Essa camada de tecnologia permitiria que carros se movimentassem muito mais perto uns dos outros nas estradas, e sincronizaria freadas de forma a evitar acidentes.

As empresas de telecomunicações, em contraste, apoiam um sistema de telefonia celular aberto e de longo alcance, que permitiria que os carros compartilhassem das frequências usadas pelos sinais dos celulares. O sistema demoraria mais a ser desenvolvido do que o V2V, porque teria de esperar pelo 5G, a nova geração de tecnologia de comunicação móvel, que só deve ser lançada em escala mundial em 2020.

"É como a disputa entre VHS e Betamax", disse outra fonte envolvida nas negociações, em referência à batalha entre tecnologias de vídeo nos anos 80, que terminou vencida pelo VHS, que se tornou o sistema padrão de gravação e reprodução de filmes e séries de TV.

O perigo de uma batalha prolongada quanto ao padrão de tecnologia que deveria ser usado para conectar carros é que isso poderia causar atraso no desenvolvimento dos veículos autoguiados.

A Comissão Europeia deve anunciar sua decisão formal sobre o tipo de tecnologia que ela prefere no ano que vem, e algumas grandes empresas de automóveis e telecomunicações, como a Vodafone e a BMW apoiam uma posição "tecnologicamente neutra", que permitiria o desenvolvimento de ambos os sistemas.

No entanto, isso não impediu os fabricantes de automóveis e as operadoras de telecomunicação de discutir quanto aos sistemas que preferem.

Dezenas de milhões de euros, o que inclui verbas públicas, já foram investidos no desenvolvimento da tecnologia sem fio de curto alcance V2V, especialmente nos Estados Unidos, onde ela já foi amplamente testada.

Diversas montadoras, como a Renault, Toyota, Hyundai e Volkswagen, além de alguns fabricantes de autopeças, favorecem o uso da tecnologia V2V, que também conta com o apoio de diversos países membros da União Europeia, entre os quais França, Suécia e Holanda, de acordo com três pessoas familiarizadas com a situação.

A Volkswagen, que no passado fabricou mais carros do que qualquer outra empresa, no total mundial, anunciou que levará adiante a instalação dessa tecnologia em alguns de seus modelos, a partir de 2019.
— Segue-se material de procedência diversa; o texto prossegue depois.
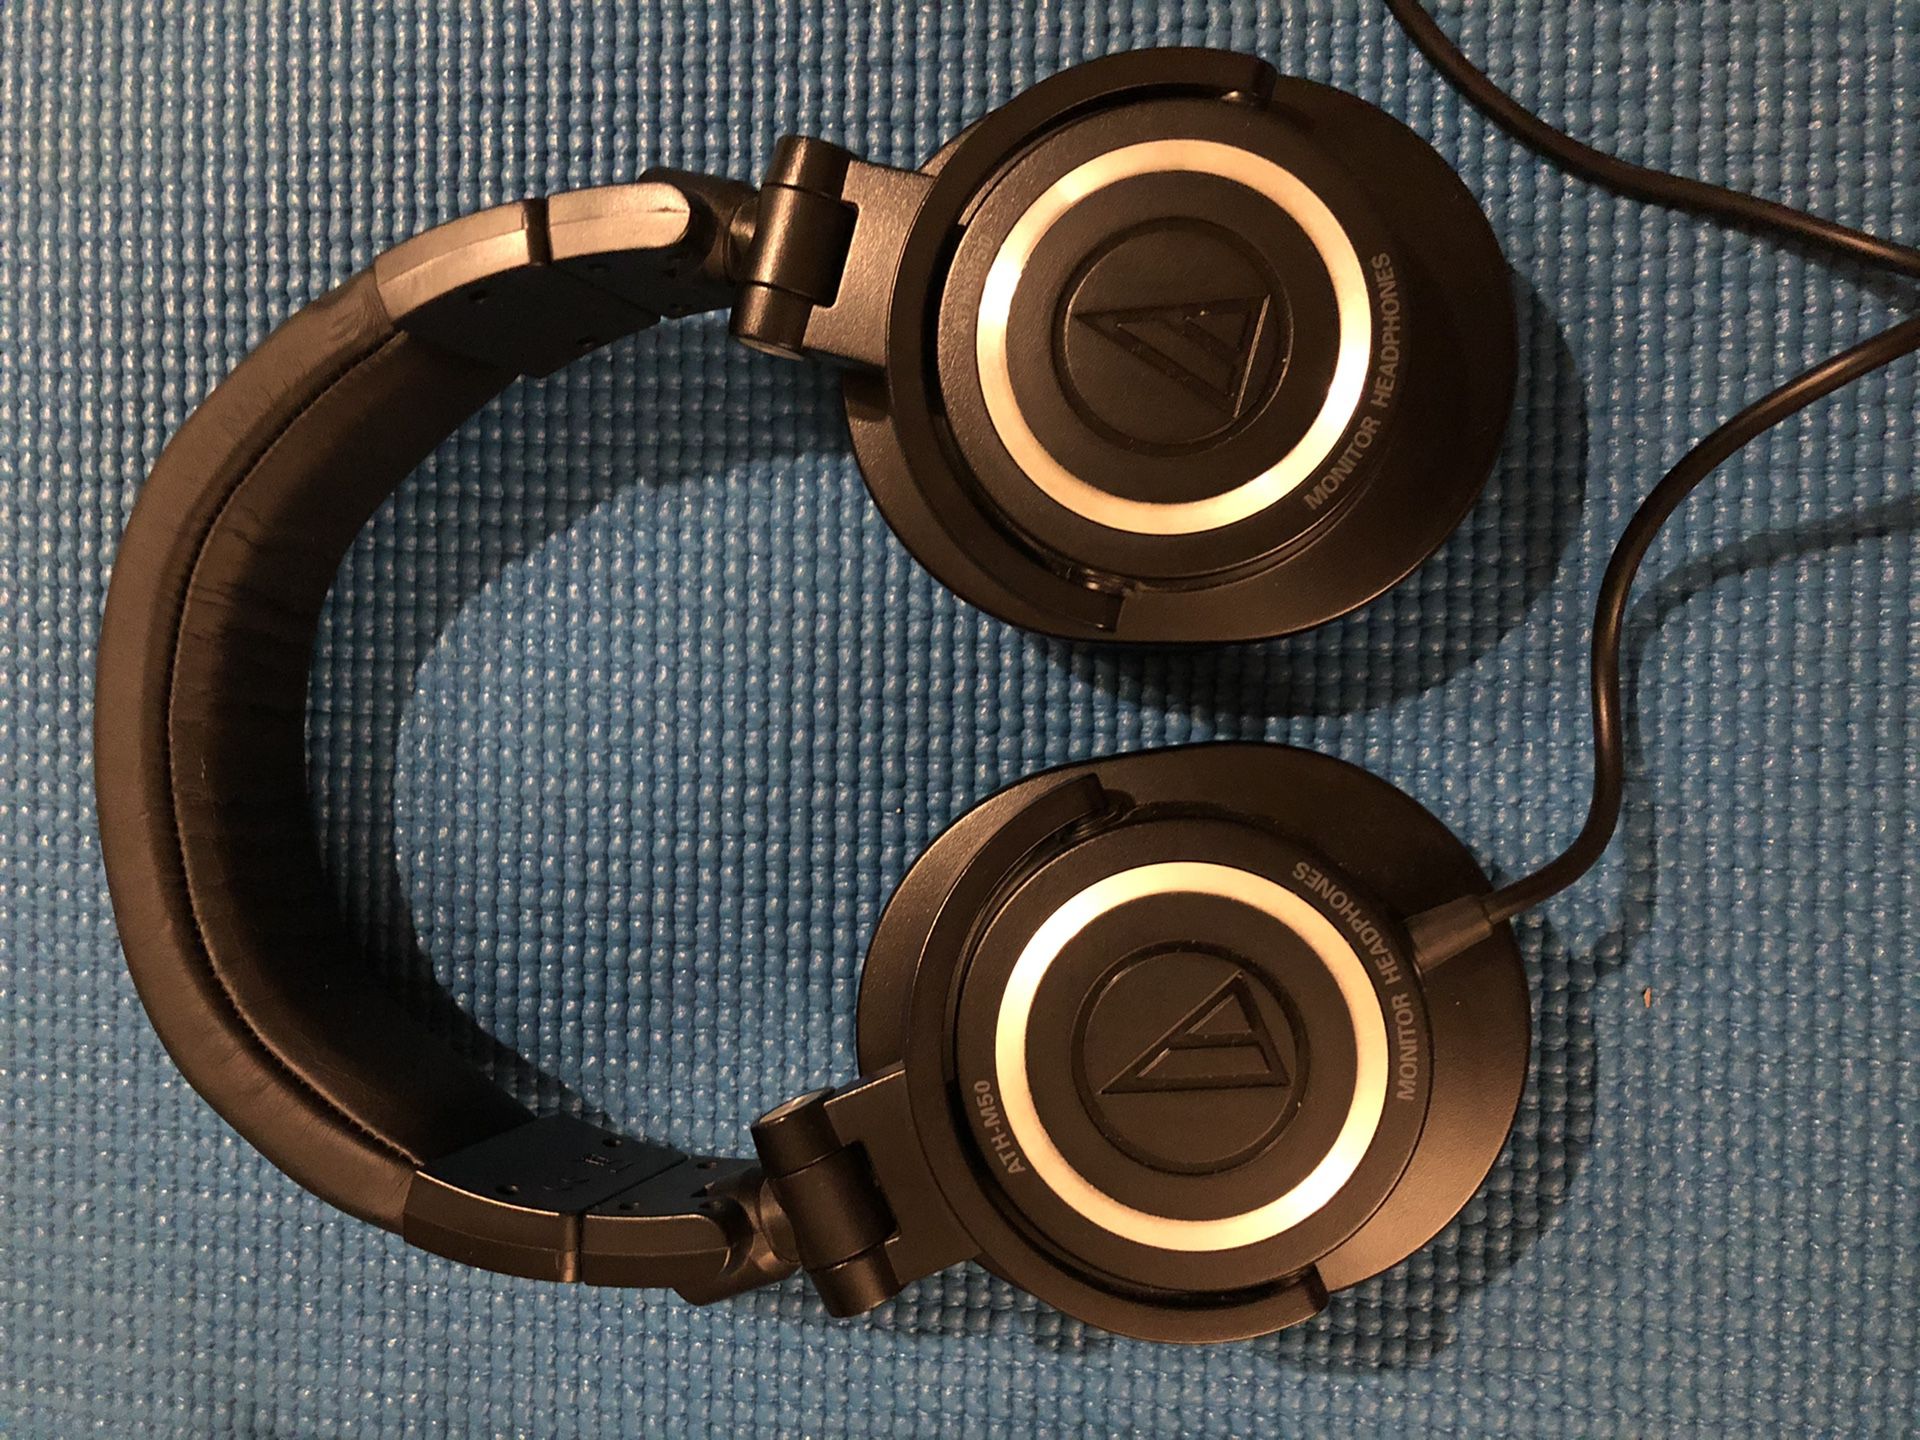 Audio Technical ATH-M50 headphones
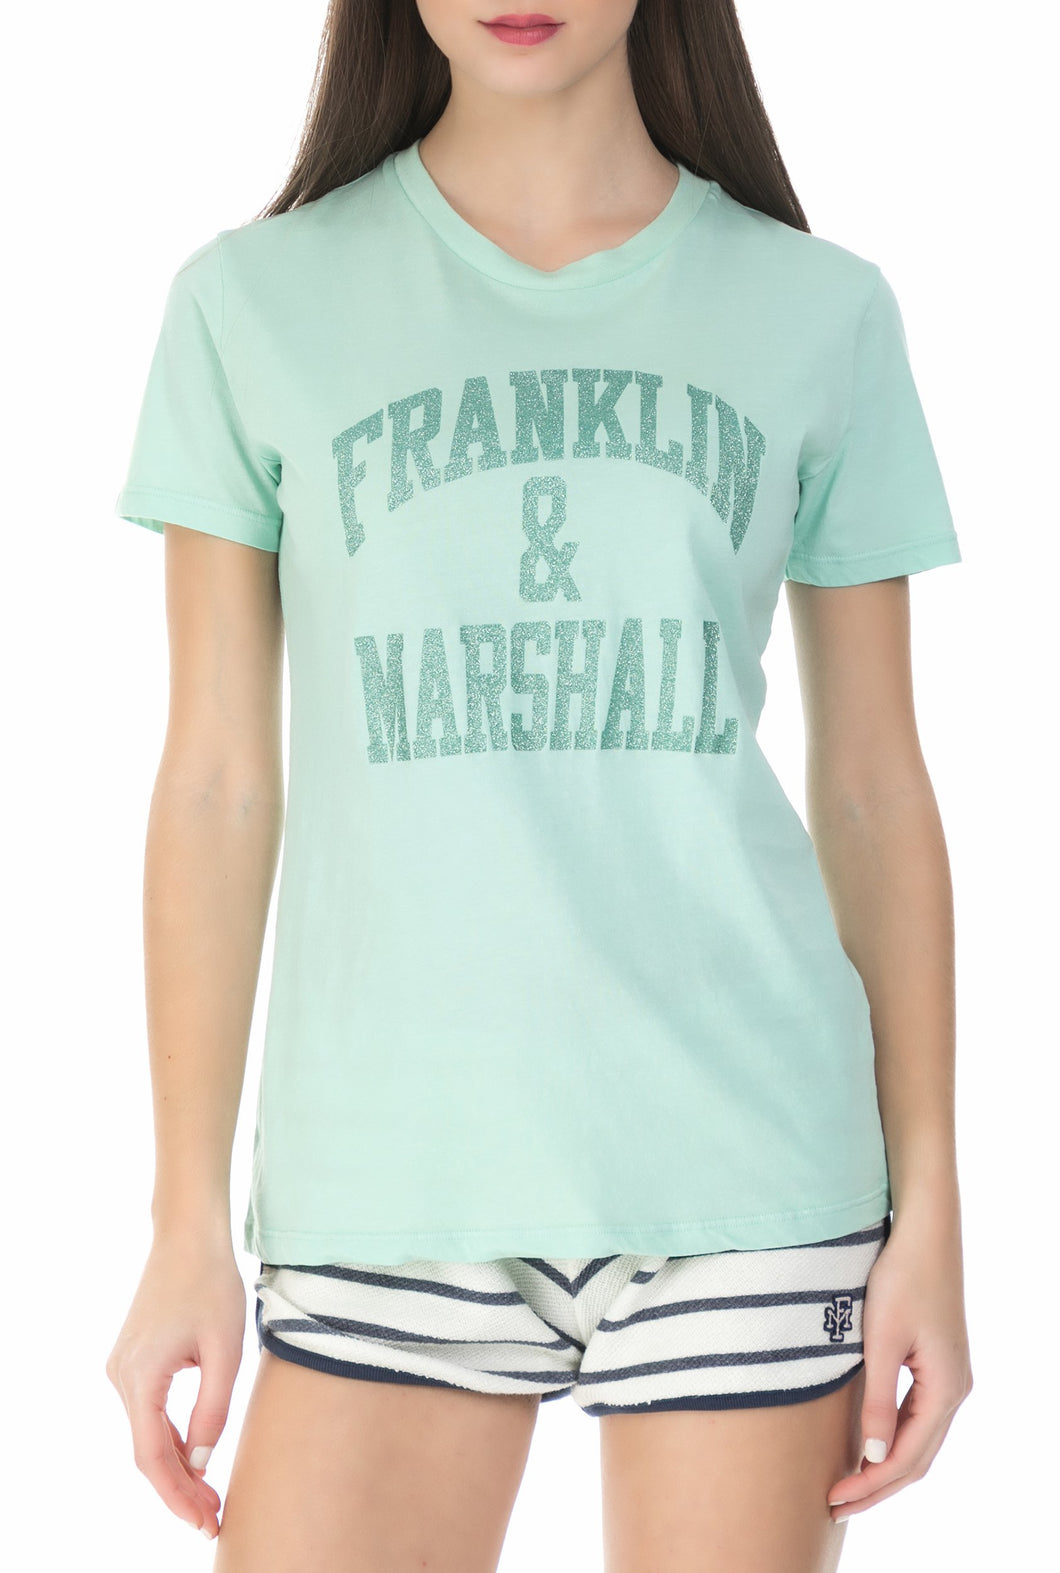 Franklin & Marshall T-SHIRT CLASSIC FIT COLORE BLACK SHADOW logo stampato glitter verde acqua

Os fabricantes de caminhões também apoiam a opção WiFi V2V, por conta do papel que ela desempenha em um método conhecido como "pelotões", que é um sistema de autocondução parcial por meio do qual um comboio de caminhões sincroniza suas freadas a fim de permitir espaço muito menor entre veículos na estrada, o que baixa dramaticamente o consumo de combustível ao reduzir a resistência do ar que cada veículo enfrenta.

Os proponentes do sistema V2V apontam para as falhas do sistema de telefonia celular, que precisa estar conectado a uma rede de telecomunicações, o que o torna inadequado para ações que requerem resposta instantânea do veículo.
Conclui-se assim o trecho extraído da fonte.